* YOUR GOAL
Skip every picture, and output exactly the lines starting at the one with "Erwin Bach and" and running through the last line of the material below.

##### INPUT DATA

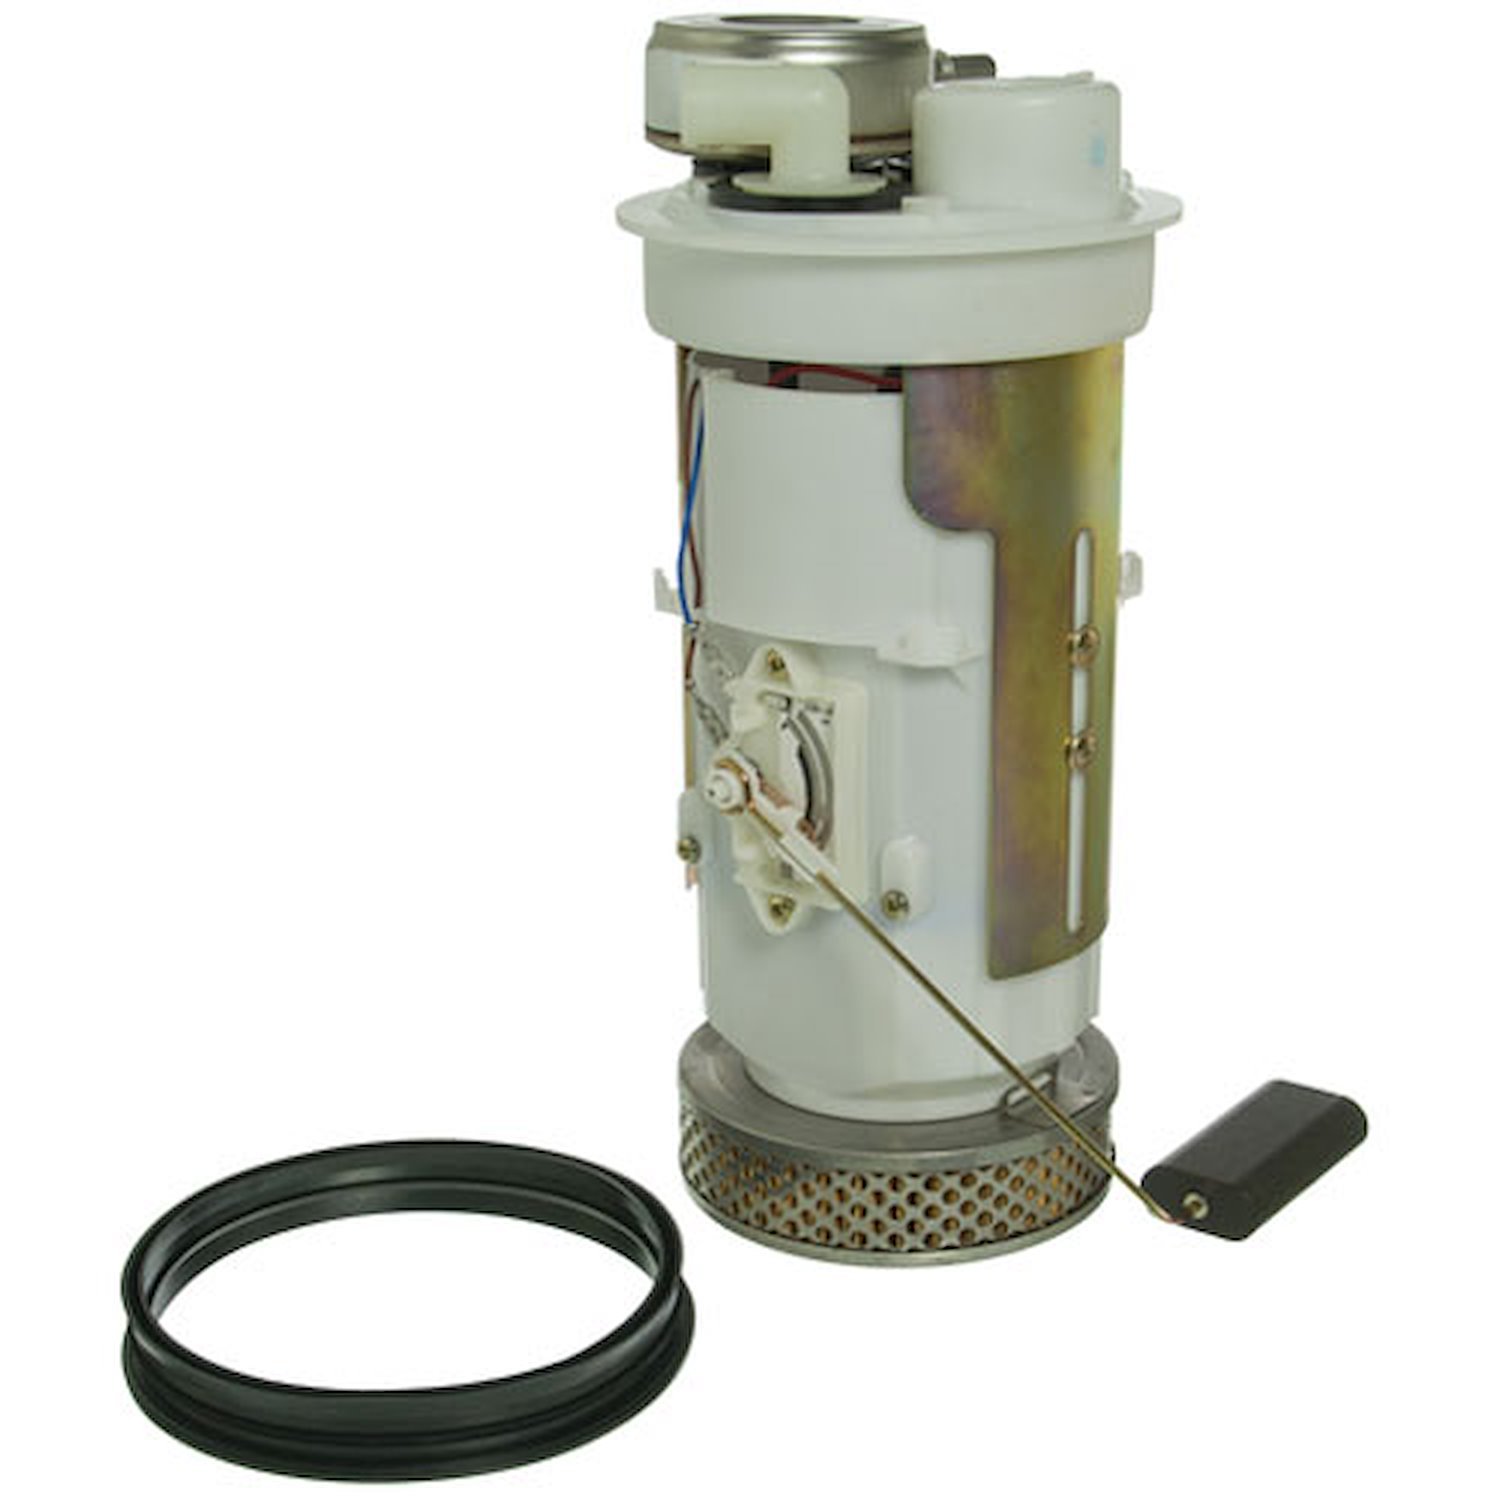 OE Chrysler/Dodge Replacement Electric Fuel Pump Module Assembly 1993-95 Dodge B150/B1500/B250/B2500/B350/B3500 3.9L V6/5.2L V8
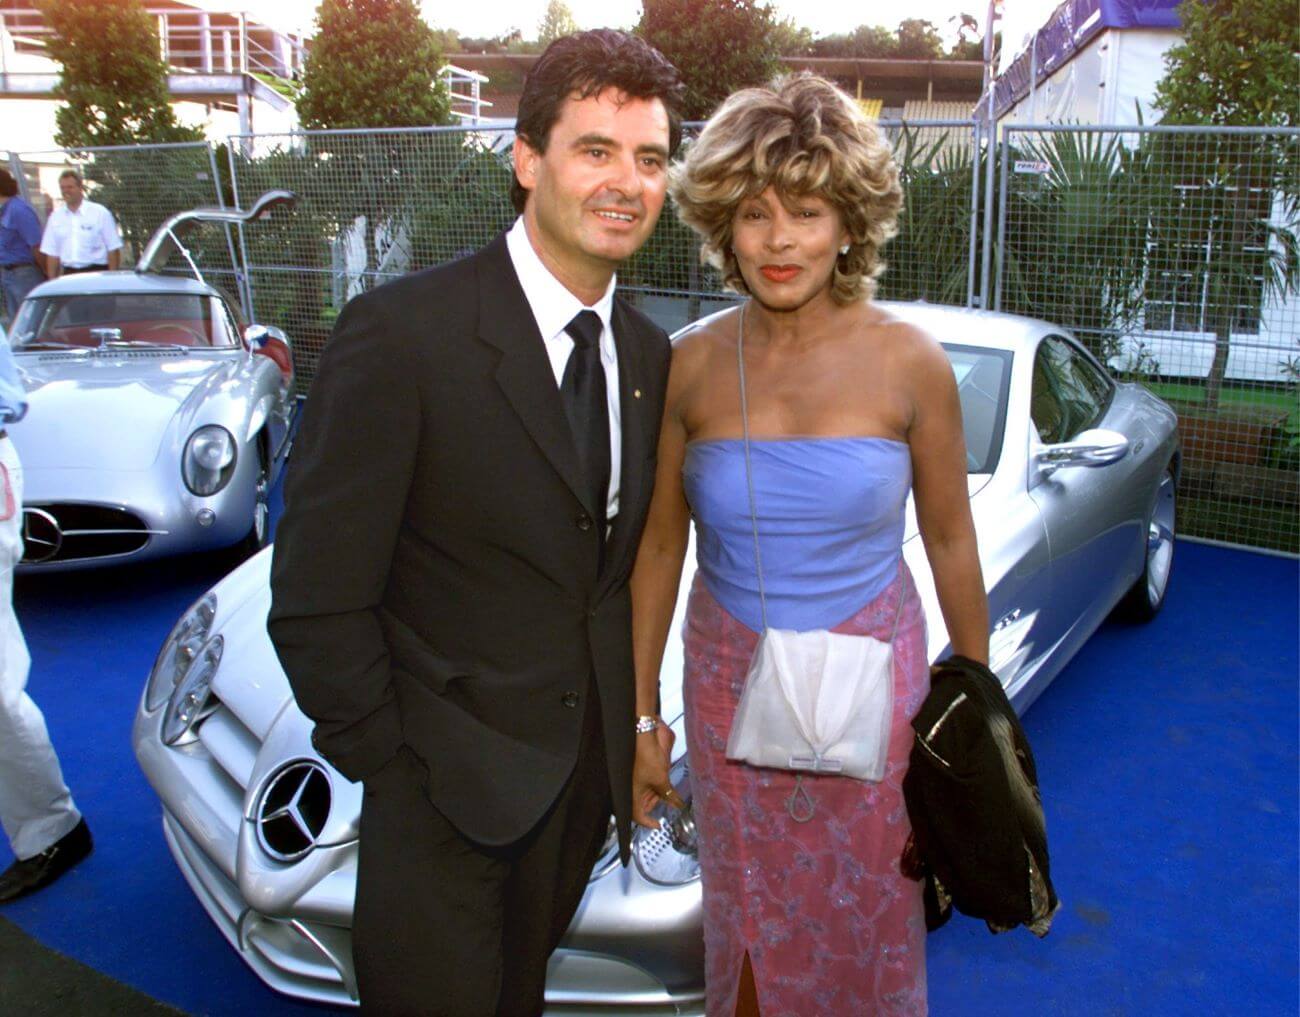 Erwin Bach and Tina Turner stand in front of a silver car.
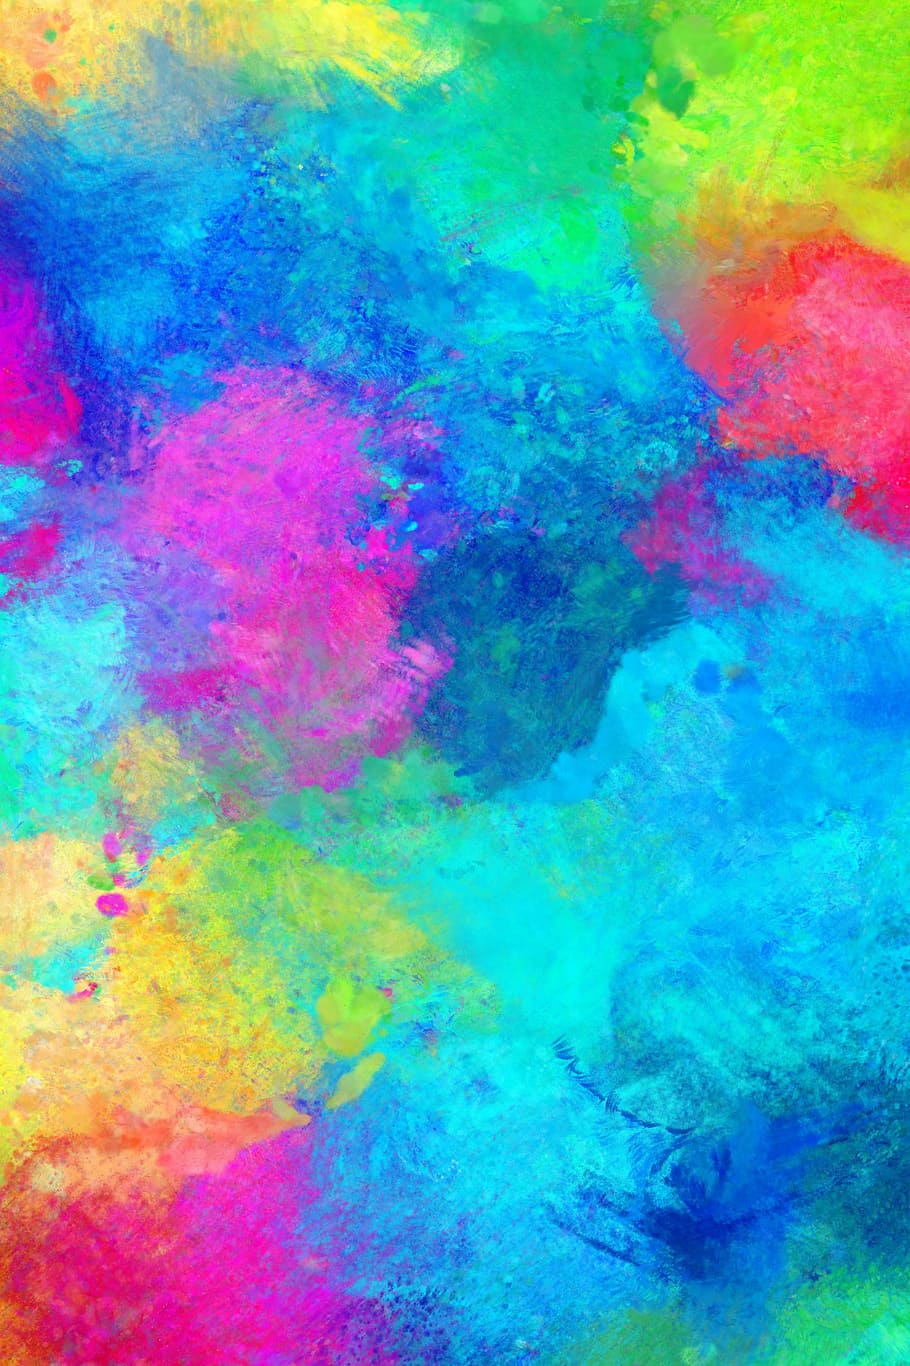 blue, pink, and yellow abstract painting, mood, creativity, atmosphere

##########

* SOLVED EXERCISE
 Erwin Bach and Tina Turner stand in front of a silver car.
 blue, pink, and yellow abstract painting, mood, creativity, atmosphere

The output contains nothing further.